_ASSIGNMENT_
Print this span of the material below exactly: the line with "Sarah Khan Stunning", the line with "Hd Wallpapers Assassins", and every line between them, but nothing else.

_DATA TO EXAMINE_
- Opening Delimiter -

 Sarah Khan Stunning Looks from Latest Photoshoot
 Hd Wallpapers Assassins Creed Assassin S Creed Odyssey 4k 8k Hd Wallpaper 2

- Closing Delimiter -
- Opening Delimiter -

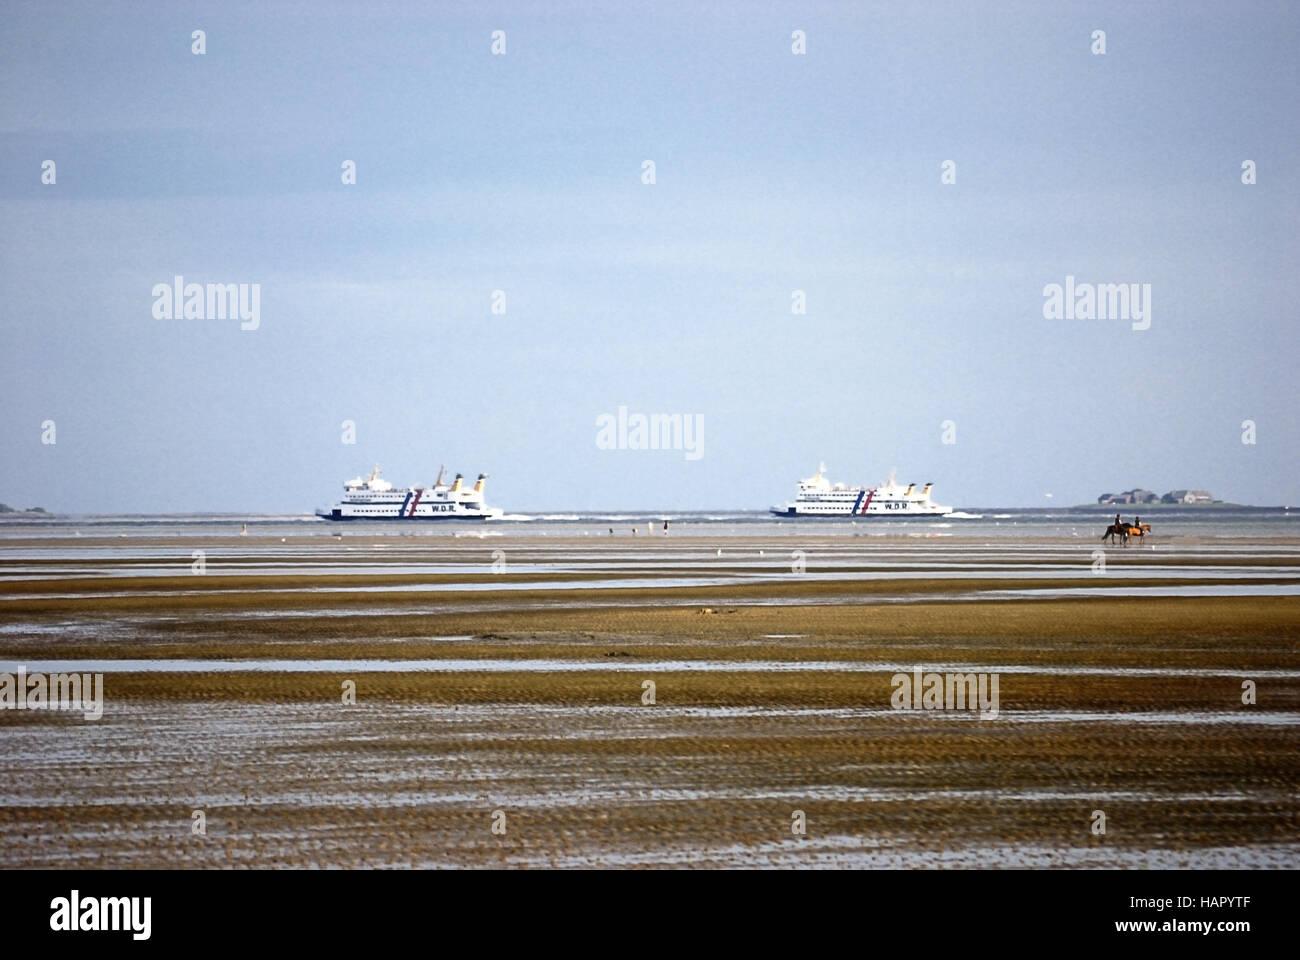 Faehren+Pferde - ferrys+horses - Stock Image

- Closing Delimiter -
- Opening Delimiter -

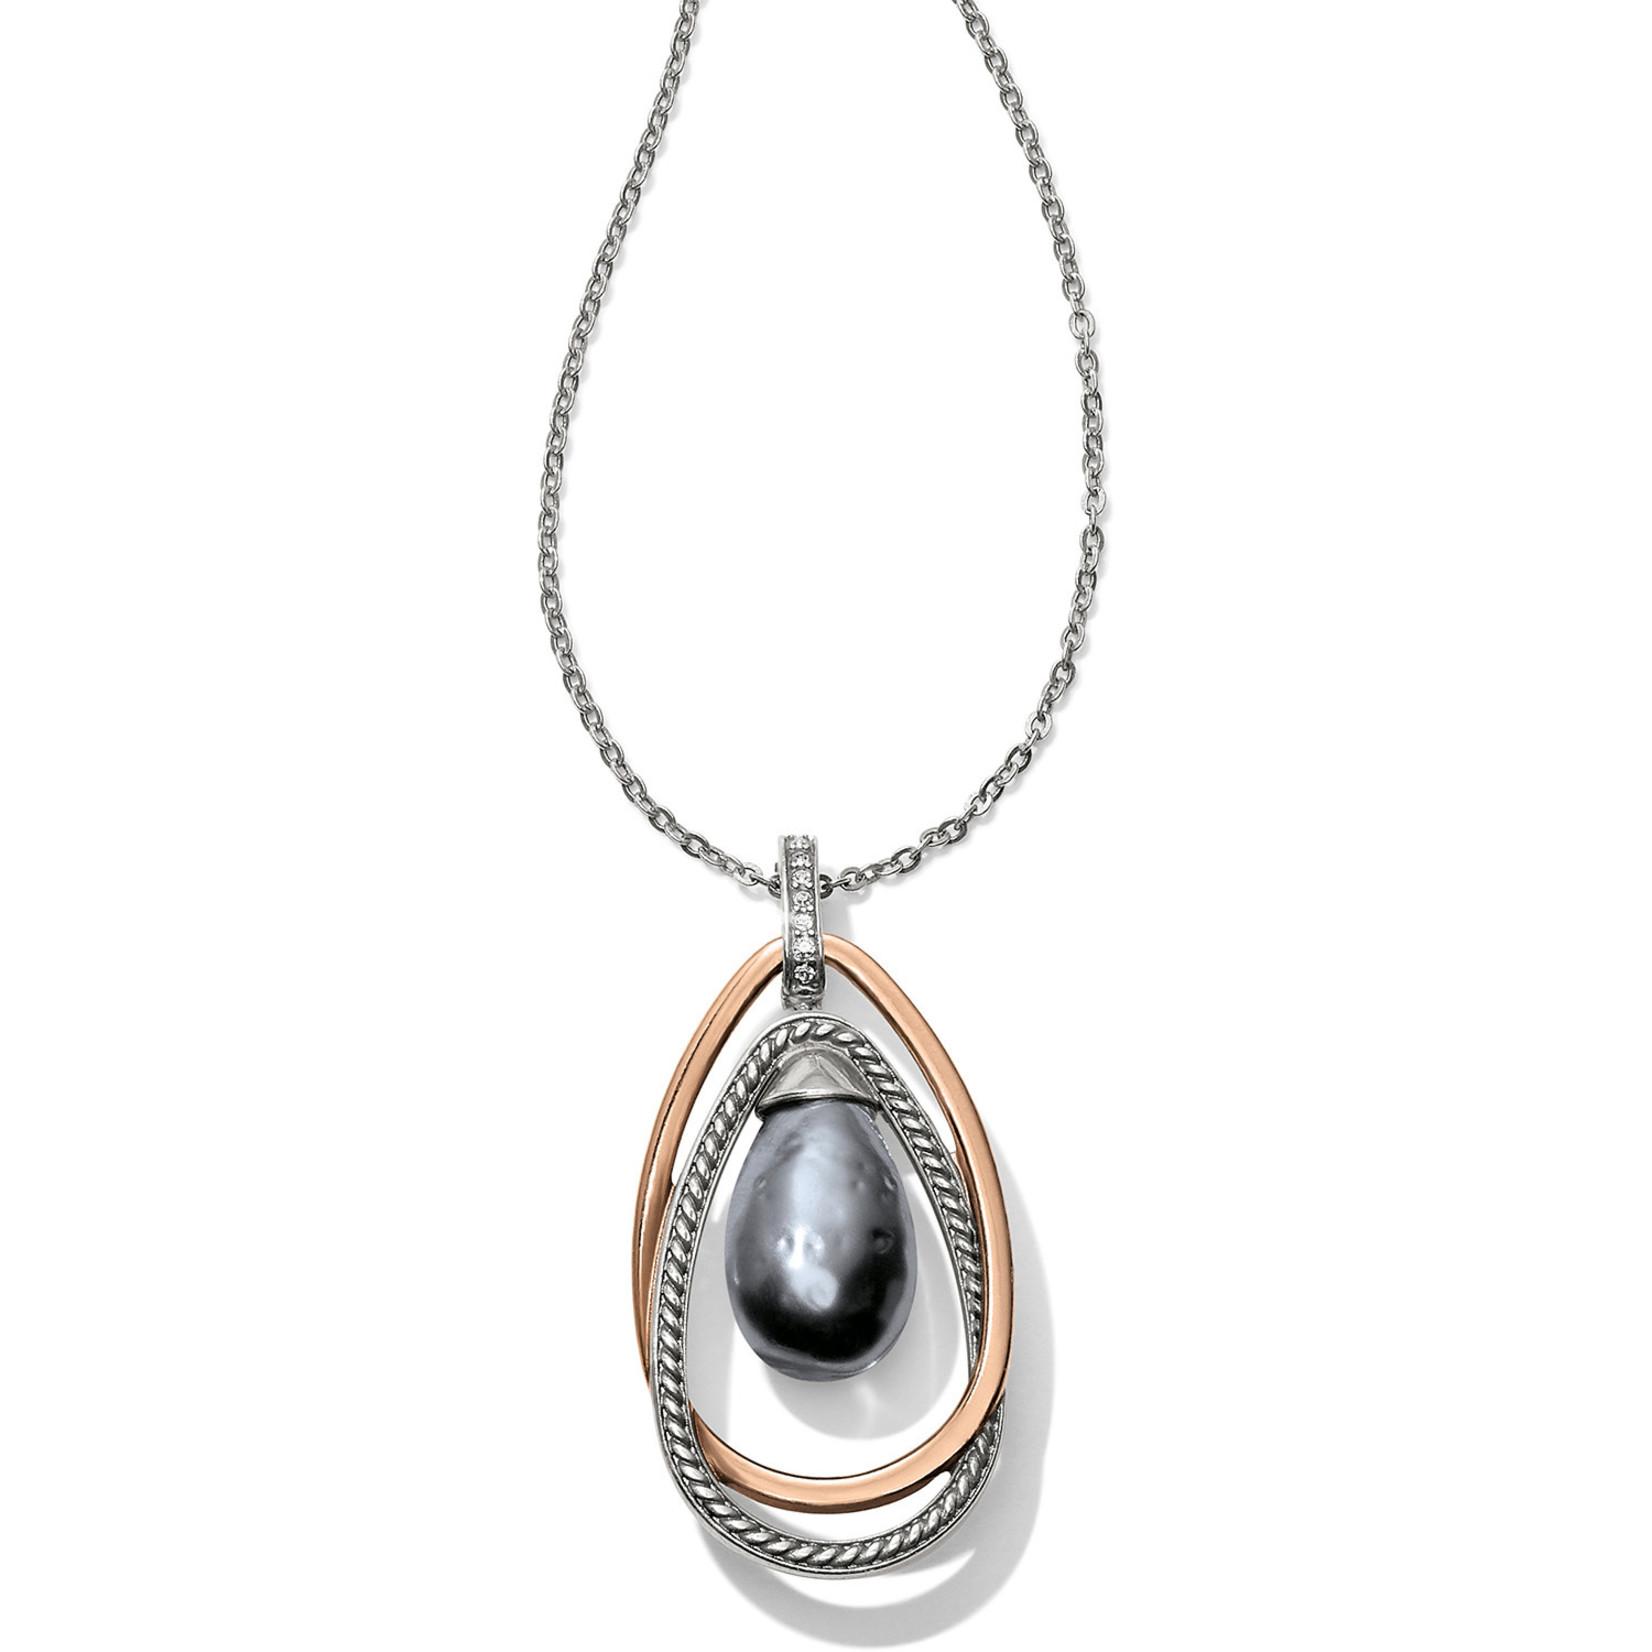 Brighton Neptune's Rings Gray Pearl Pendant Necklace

- Closing Delimiter -

_OUTPUT_
 Sarah Khan Stunning Looks from Latest Photoshoot
 Hd Wallpapers Assassins Creed Assassin S Creed Odyssey 4k 8k Hd Wallpaper 2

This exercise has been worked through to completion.